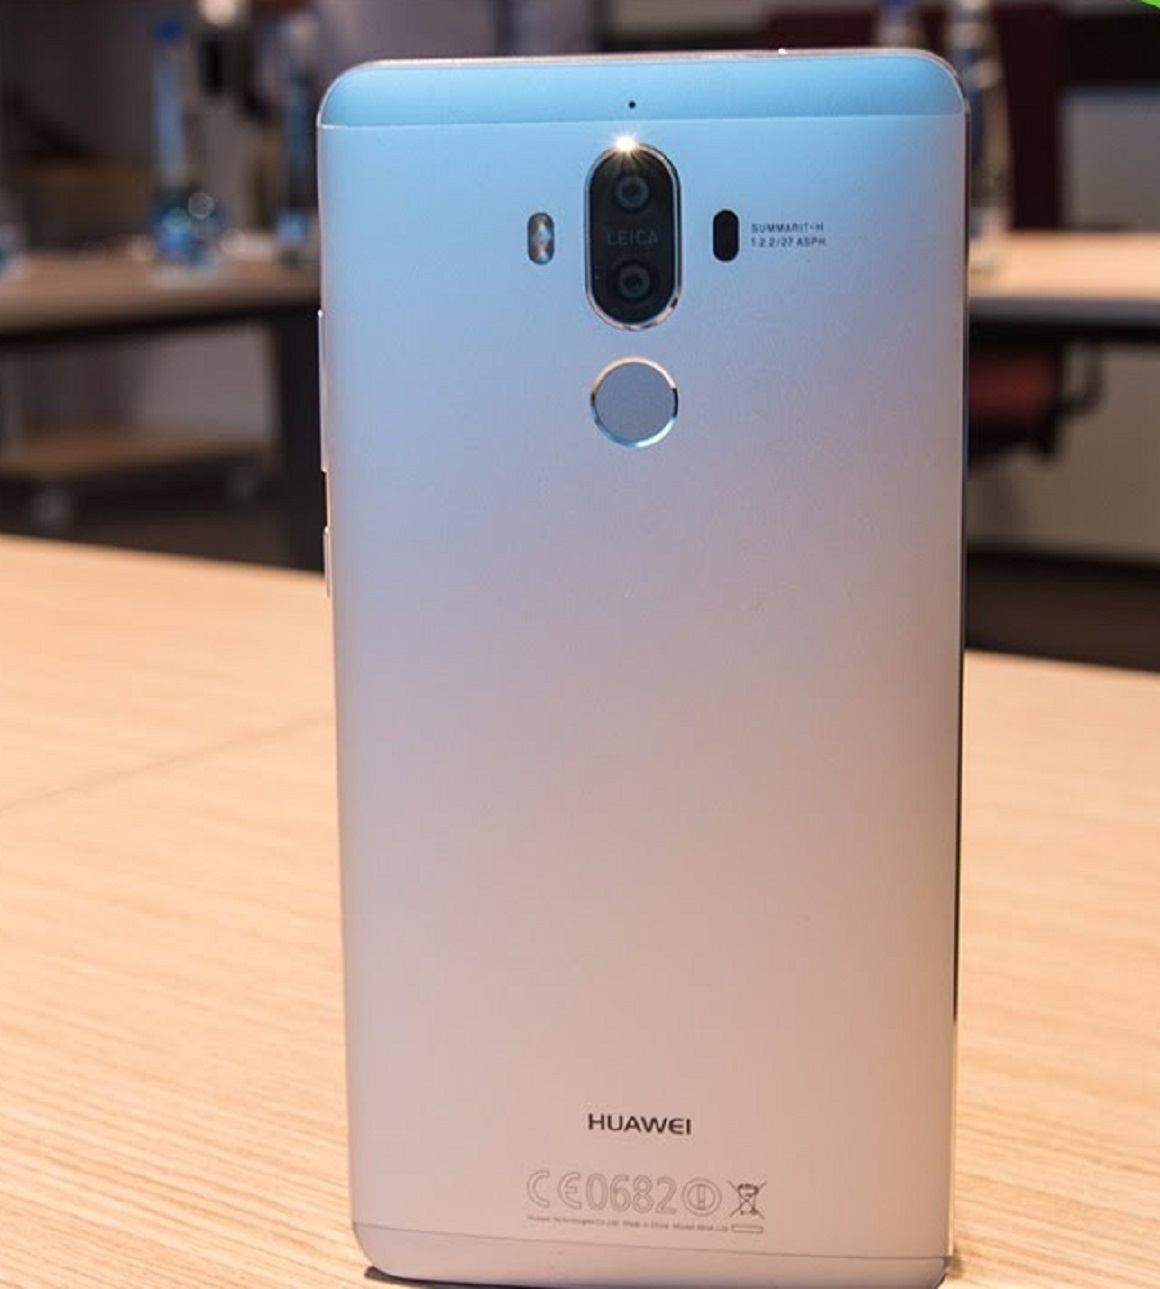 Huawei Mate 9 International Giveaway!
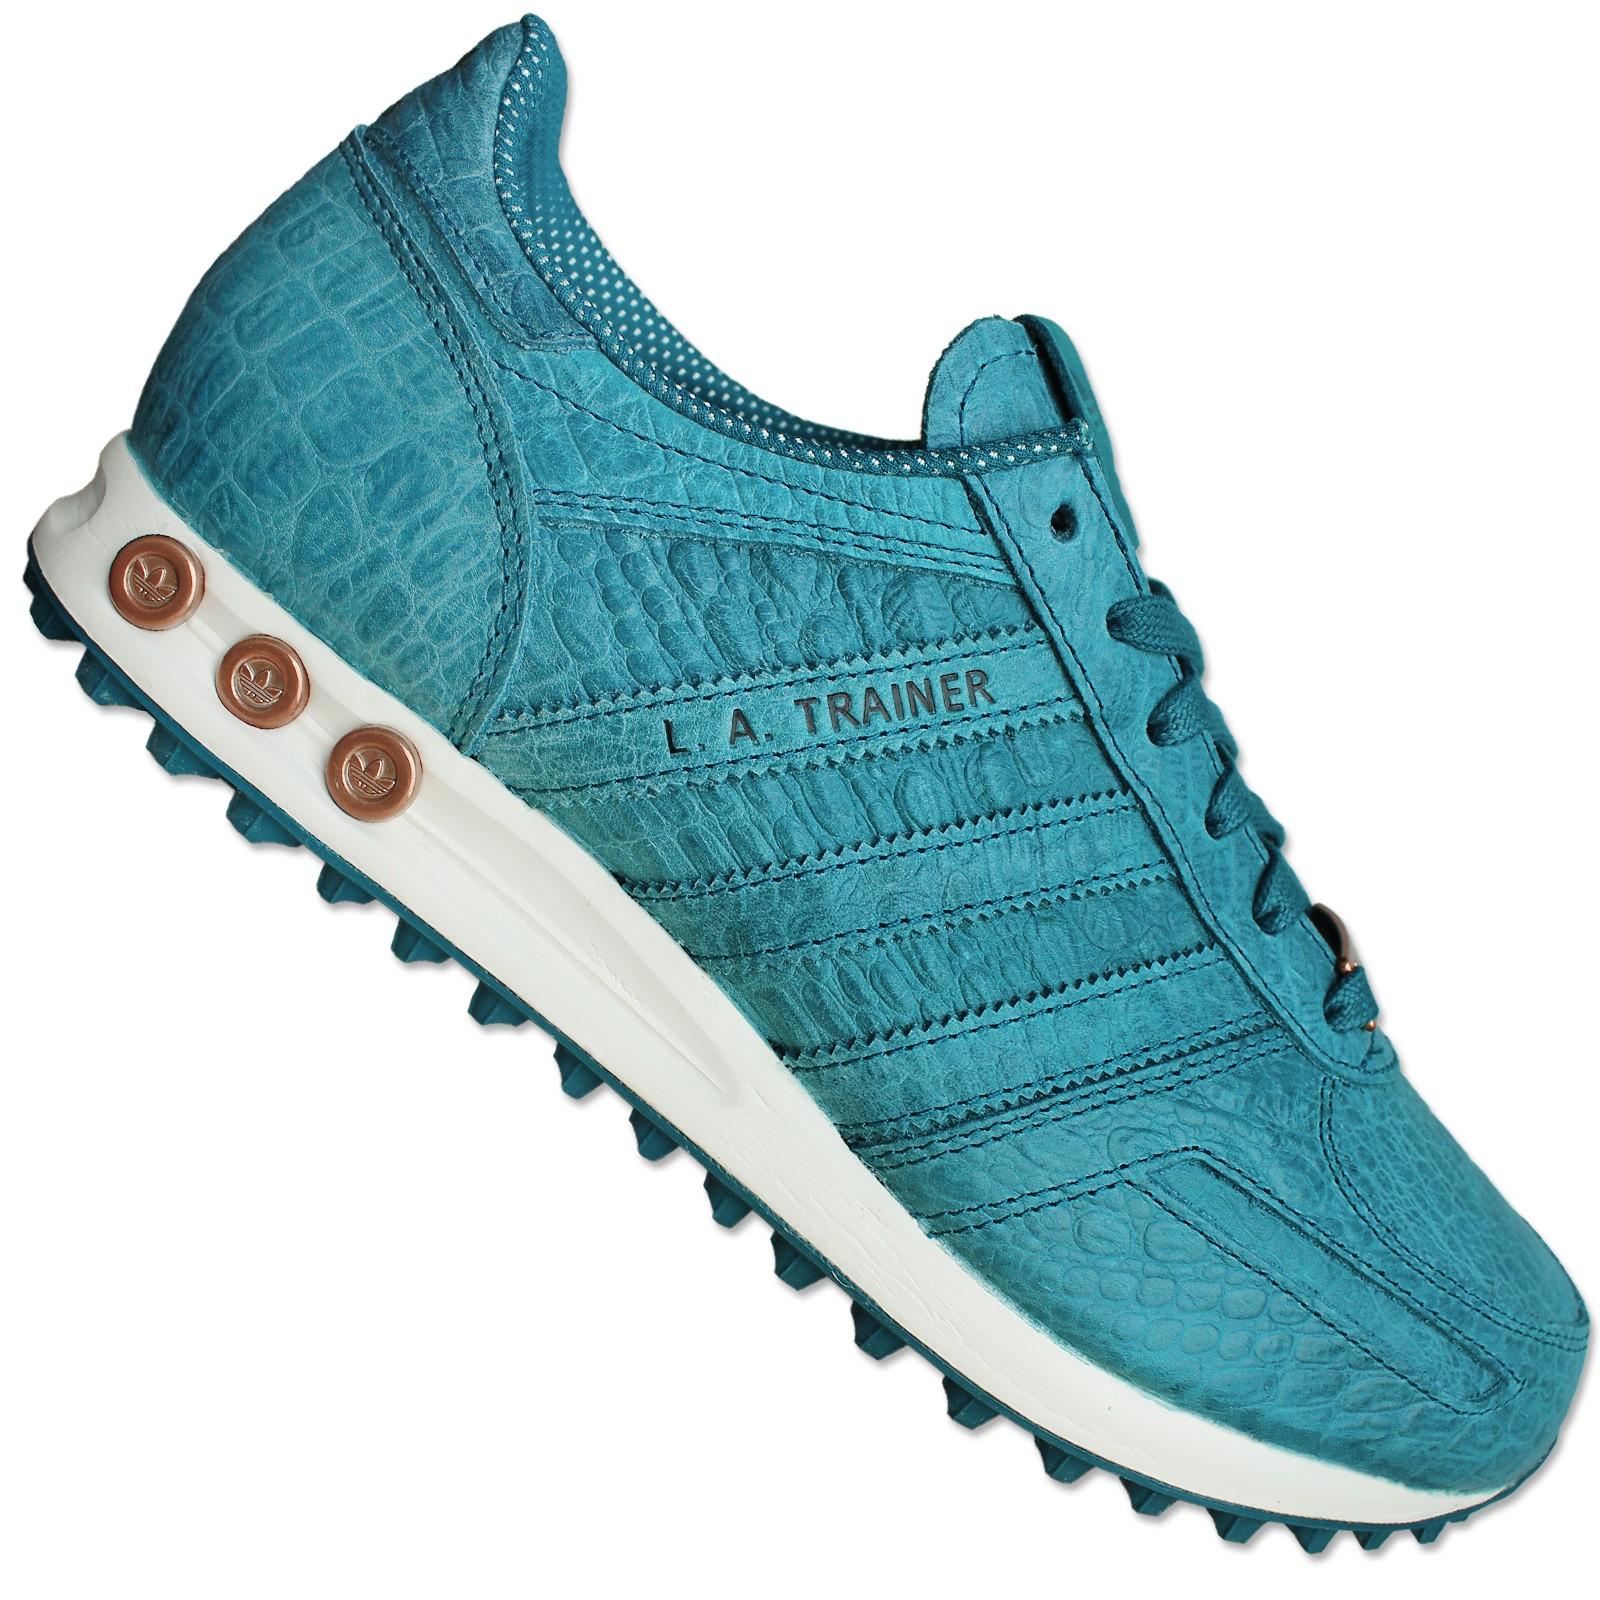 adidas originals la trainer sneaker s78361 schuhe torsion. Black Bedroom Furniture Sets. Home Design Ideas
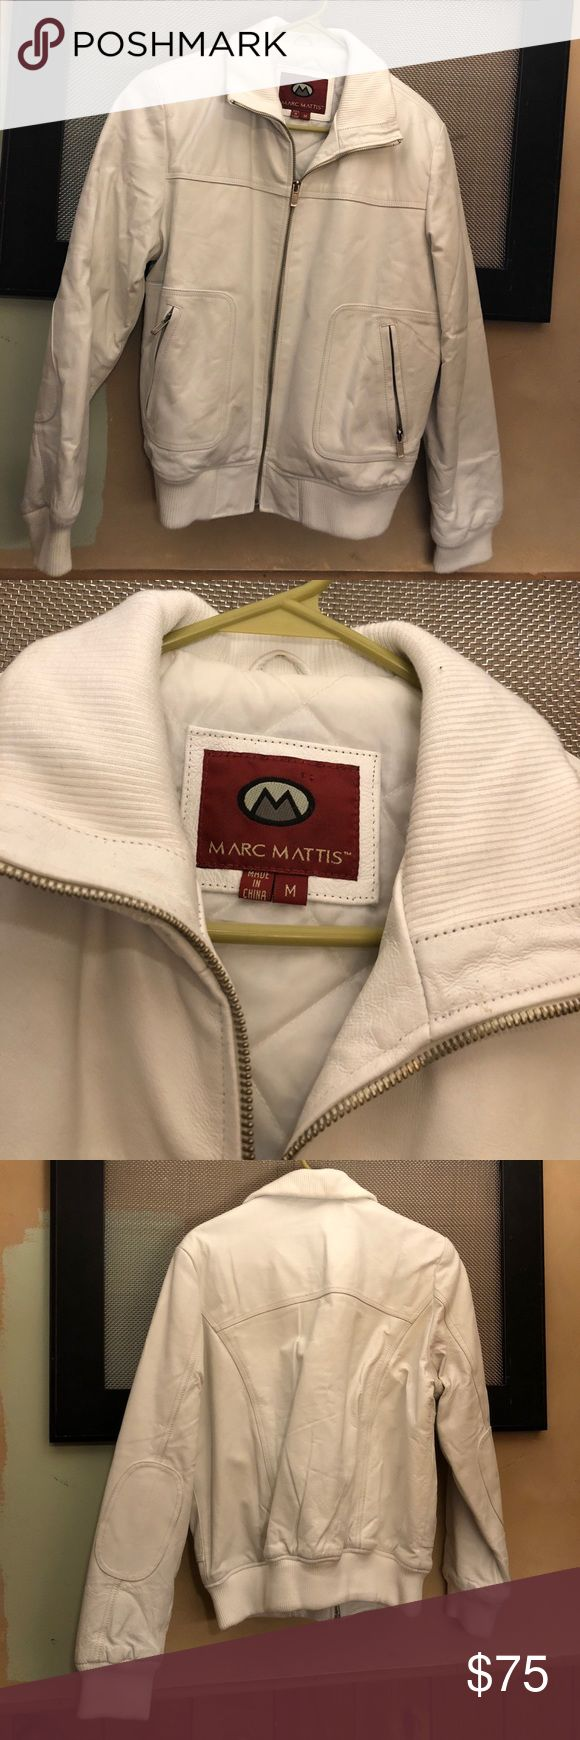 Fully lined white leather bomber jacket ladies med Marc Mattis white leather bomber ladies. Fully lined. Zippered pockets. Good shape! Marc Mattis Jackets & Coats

○ ○ ○ ○ ○ ○ ○

How to complete this task:
Only the pictures are to be left out; copy all the remaining material above exactly.

Task response:
 Huawei Mate 9 International Giveaway!
 adidas originals la trainer sneaker s78361 schuhe torsion. Black Bedroom Furniture Sets. Home Design Ideas
 Fully lined white leather bomber jacket ladies med Marc Mattis white leather bomber ladies. Fully lined. Zippered pockets. Good shape! Marc Mattis Jackets & Coats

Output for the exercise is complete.